Cholera is an acute enteric infection caused by the bacterium Vibrio (V.) cholerae of serogroup O1 or O139. It is a waterborne disease of important public health importance with an estimated number of 3 to 5 million cases annually and 100,000 to 150, 000 deaths yearly [1]. Outbreaks are linked to the consumption of unsafe water and food, poor hygiene and sanitation. Cholera often follows natural or man-made disasters which can lead to internal displacement of persons and subsequent unstable living conditions associated with contamination of food and water sources [2, 3]. Overflowing of latrines and contamination of wells and surface water, seasonal modification of water sources for consumption and human behavior may play a role in the occurrence of cholera outbreaks [4]. Control of cholera outbreaks requires effective surveillance and response systems which are frequently sub-optimal in developing countries often lacking robust data collection, collation, analysis, interpretation and response [5]. Poor detection and delayed response to cholera outbreaks can result in geographical spread of the disease and consequently high attack rates and case fatality rates [68]. Failure to control local outbreaks and prevention of between-region transmission could result in spread of cholera outbreaks to neighboring regions [9].
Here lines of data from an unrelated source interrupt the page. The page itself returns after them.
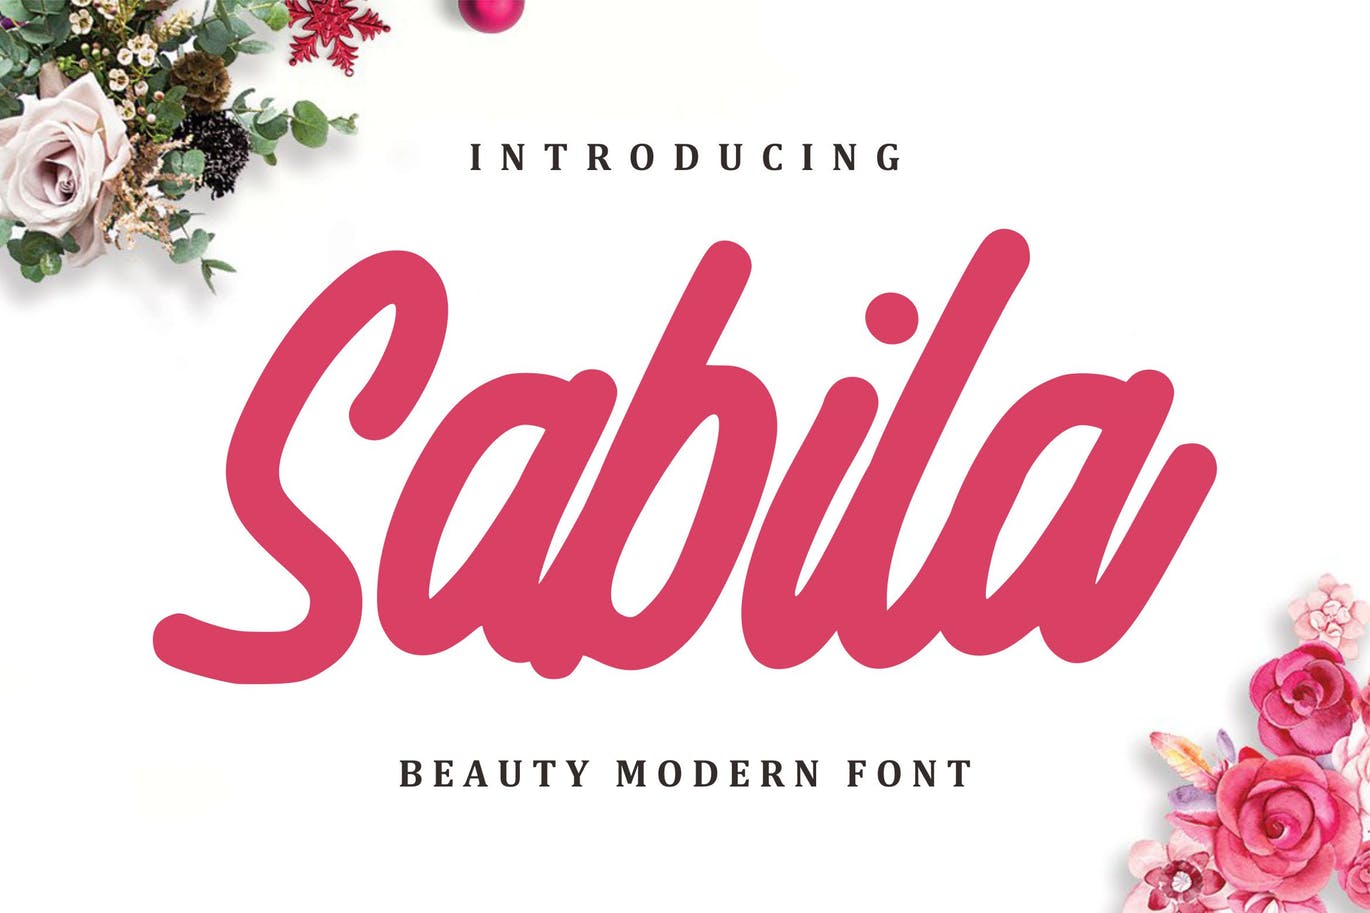 现代设计风格精美英文手写字体下载 Sabila – Beauty Modern Font插图
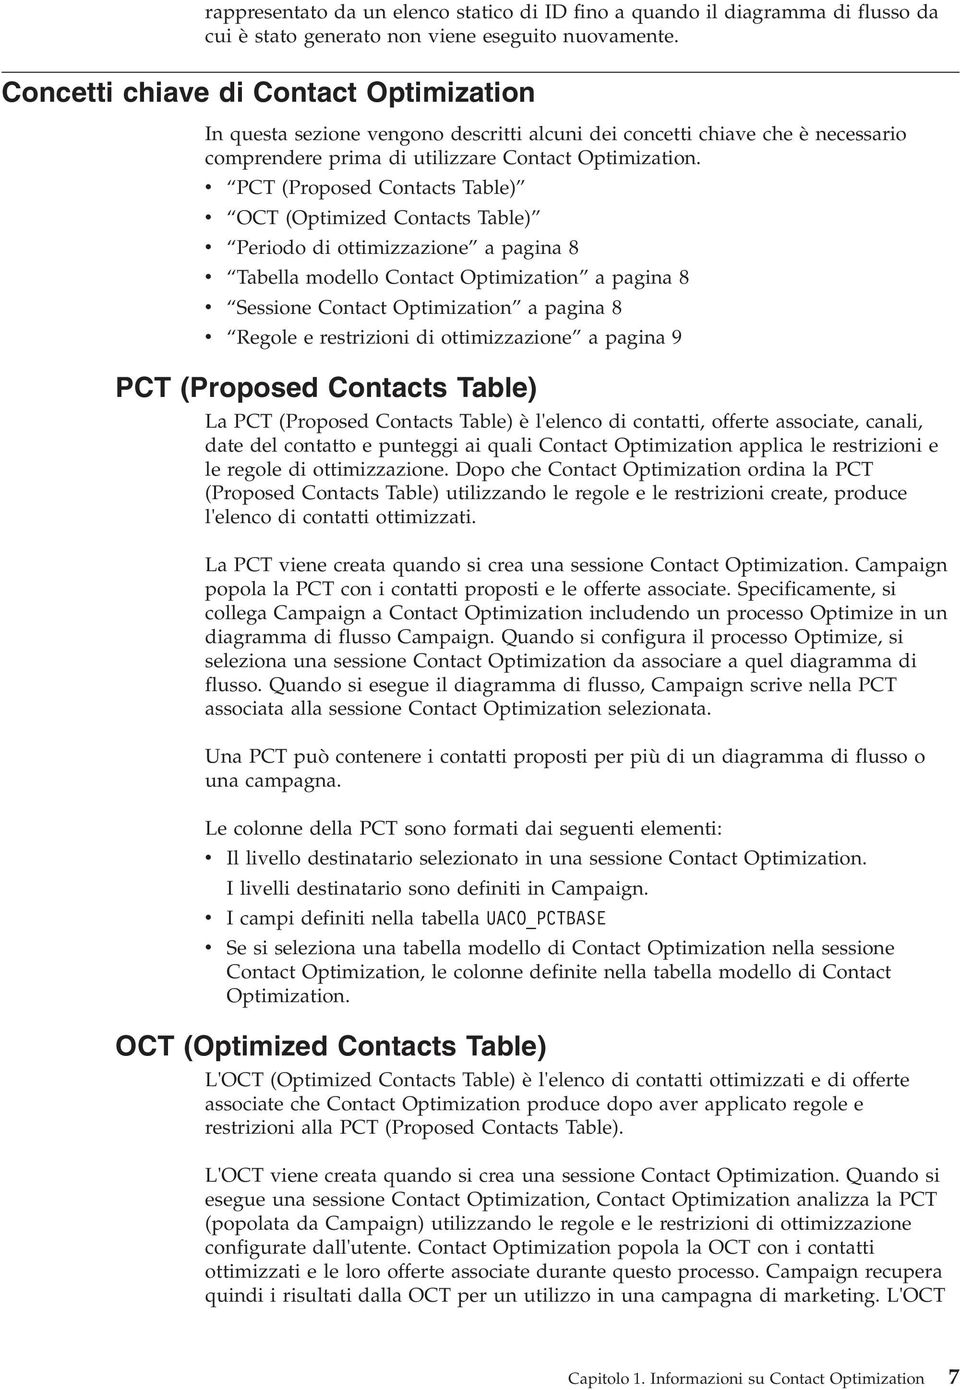 PCT (Proposed Contacts Table) OCT (Optimized Contacts Table) Periodo di ottimizzazione a pagina 8 Tabella modello Contact Optimization a pagina 8 Sessione Contact Optimization a pagina 8 Regole e
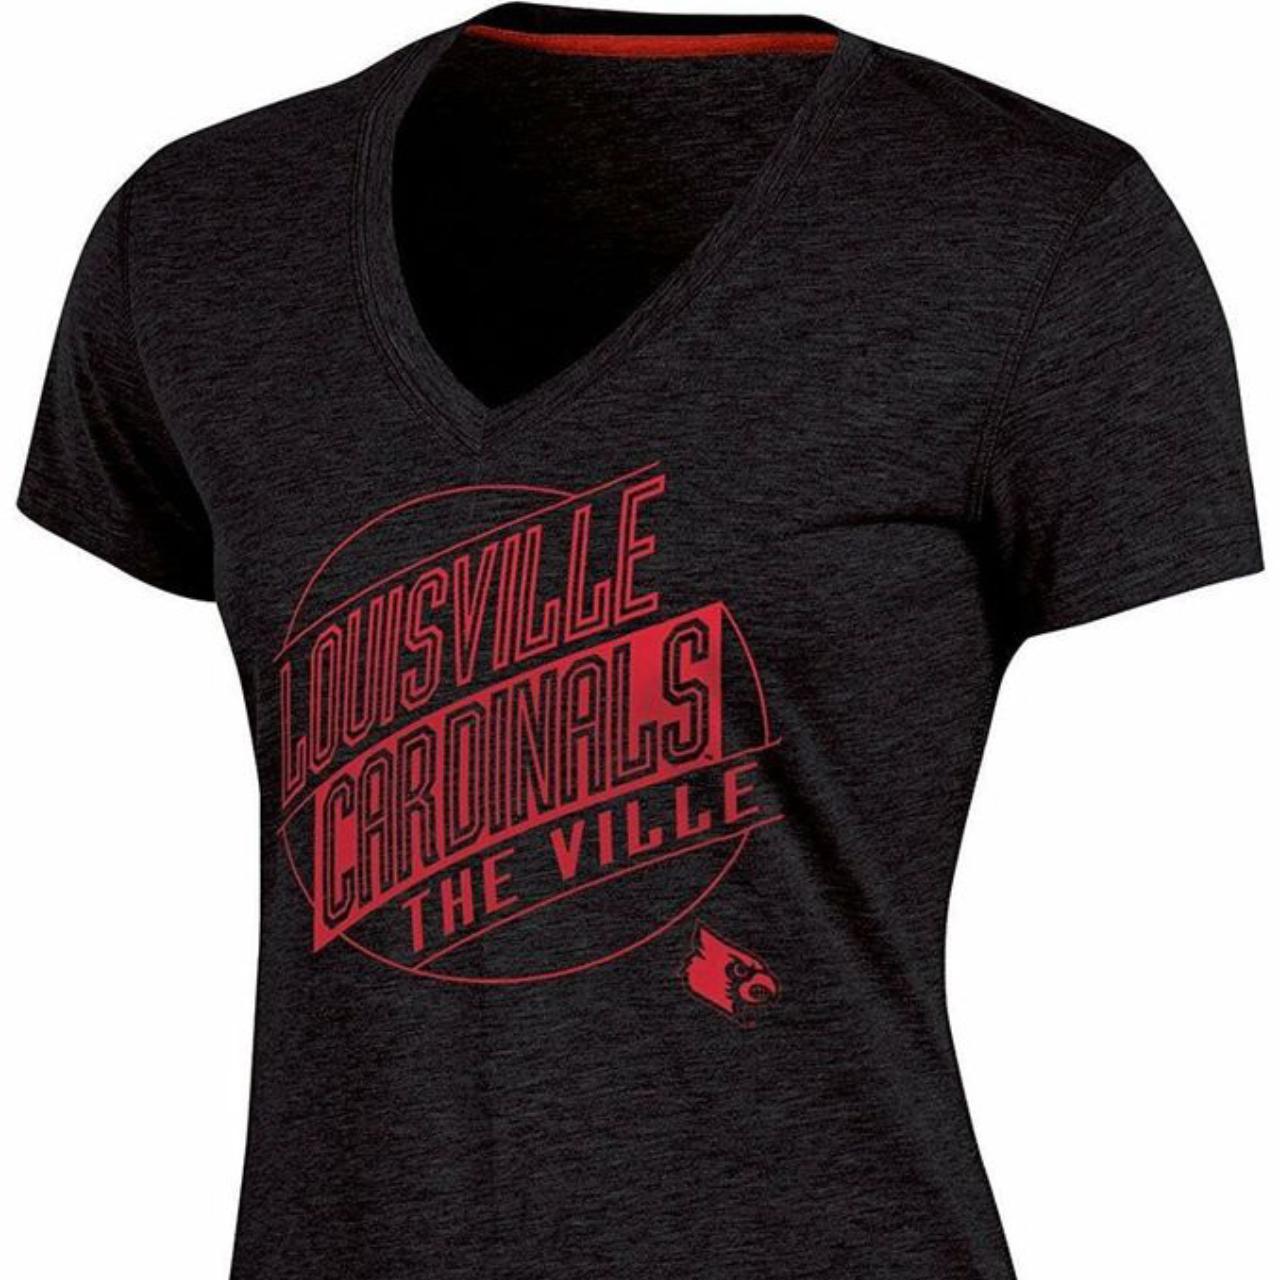 Vintage Louisville Cardinals t shirt Light wear - Depop

In 2010, a total of 110,115 cases were reported from sub-Saharan African countries, a 46% decline compared to 2009. However, four countries in Central Africa around the Lake Chad Basin (Cameroon, Chad, Niger and Nigeria) accounted for 62,762 cases, including 2,610 deaths, i.e. 54% of cases and 77% of deaths reported from the continent. Nigeria reported 38% of cases from Africa with 44,456 cases and a case fatality rate (CFR) of 3.9% [10]. This clearly exceeds the mean overall CFR of 2.4% reported in Africa from 2000–2005 and by far, the WHO acceptable rate of 1%. The 2010 cholera outbreak was the largest epidemic in Nigeria since 1991 when 59,478 cases and 7,654 deaths were reported [11]. The outbreak started from north-eastern border state of Borno and spread to involve 18 of the 36 states of the country. We conducted a descriptive analysis of surveillance data of the 2010 cholera outbreak with the aim of determining the epidemiological and spatio-temporal characteristics to explore possible reasons for the nationwide spread so as to provide information for future response to cholera outbreaks.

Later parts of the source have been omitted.